Welcome

T2K REST API Documentation

In order to use the T2K REST interface, each request must be authenticated with the HTTP Basic Authentication protocol. The username and the password are the ones used to login in T2K.

A Java interface is avalable at https://github.com/imatesiu/RestT2K . Thanks to Giorgio Spagnolo of the Formal Methods and Tools Laboratory (FMT, ISTI, CNR) for his support.
ENDPOINT
METHOD
CONTENT-TYPE

/rest/new_corpus
POST
MULTIPART_CONTENT
Required arguments
  • corpus_file: the corpus file in utf-8 or a collection of documents in .zip format
  • language: allowed values are IT for Italian and GB for the English language
  • name: the name associated to the corpus
Response
          {
          "id":1,
          "part_of_speech":{
          "analysis_file":null,
          "id":1,
          "created":"2015-02-13T11:49:04.949Z",
          "modified":"2015-02-13T11:49:04.949Z",
          "status":"defined"
          },
          "term_extraction":{
          "analysis_file":null,
          "id":1,
          "created":"2015-02-13T11:49:04.949Z",
          "modified":"2015-02-13T11:49:04.949Z",
          "status":"defined",
          "term_extraction_configuration":null
          },
          "term_extraction_indexer":{
          "conll_file":null,
          "id":1,
          "created":"2015-02-13T11:49:04.951Z",
          "modified":"2015-02-13T11:49:04.951Z",
          "status":"defined"
          },
          "created":"2015-02-13T11:49:04.948Z",
          "modified":"2015-02-13T11:49:04.966Z",
          "name":"TEST",
          "language":"IT",
          "status":"defined",
          "user":1,
          "corpus_file":"t2k_uploads/Costituzione_small_25_1.txt"
          }
        
The response will contain the corpus REST representation. In particular:
  • an id is assigned
  • the status of the corpus is defined, meaning that the corpus is ready to be analyzed. During the execution of async operations ( part of speech tagging, term extraction ), the status of the corpus is running: this means that T2K is performing an operation on the corpus. When an operation on the corpus is performed succesfully, the status of the corpus will be successful.
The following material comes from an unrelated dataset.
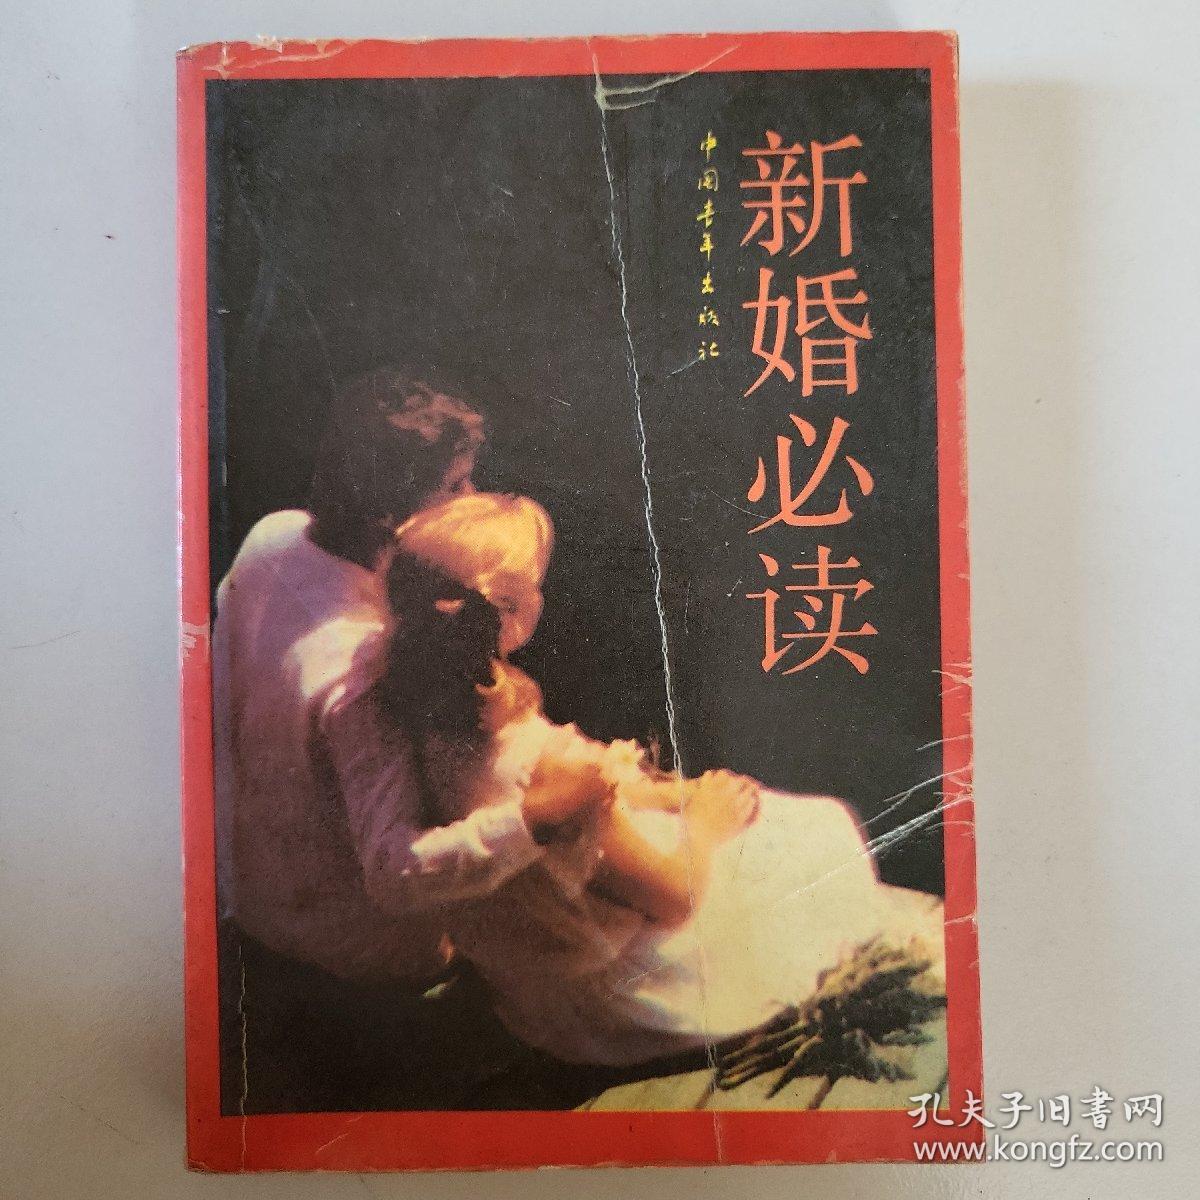 新婚必读 中国青年出版社

In case of errors, the status of the corpus will be failed
/rest/corpus_list
GET
Response
[
  {
    "id": 1,
    "part_of_speech": {
      "analysis_file": null,
      "id": 1,
      "created": "2015-02-16T14:36:20.958Z",
      "modified": "2015-02-16T14:36:20.958Z",
      "status": "defined"
    },
    "term_extraction": {
      "analysis_file": null,
      "id": 1,
      "created": "2015-02-16T14:36:20.958Z",
      "modified": "2015-02-16T14:36:20.958Z",
      "status": "defined",
      "term_extraction_configuration": null
    },
    "term_extraction_indexer": {
      "conll_file": null,
      "id": 1,
      "created": "2015-02-16T14:36:20.960Z",
      "modified": "2015-02-16T14:36:20.960Z",
      "status": "defined"
    },
    "created": "2015-02-16T14:36:20.957Z",
    "modified": "2015-02-16T14:36:20.975Z",
    "name": "TEST",
    "language": "IT",
    "status": "defined",
    "user": 1,
    "corpus_file": "t2k_uploads/Costituzione_small_500_1.txt"
  }
]

        
The response will contain the list of corpus belonging to the connected user.
/rest/corpus/{id}/execute/{action}
GET
Required arguments
  • id: the id of the corpus
  • action: the action to be performed on the corpus. Allowed values are:
    • part_of_speech
    • term_extraction
    • term_extraction_indexer
    • delete
    Notice that part_of_speech, term_extraction term_extraction_indexer are executed asynchronously, meanwhile delete is a sync operation.
Response: empty response with status code 200.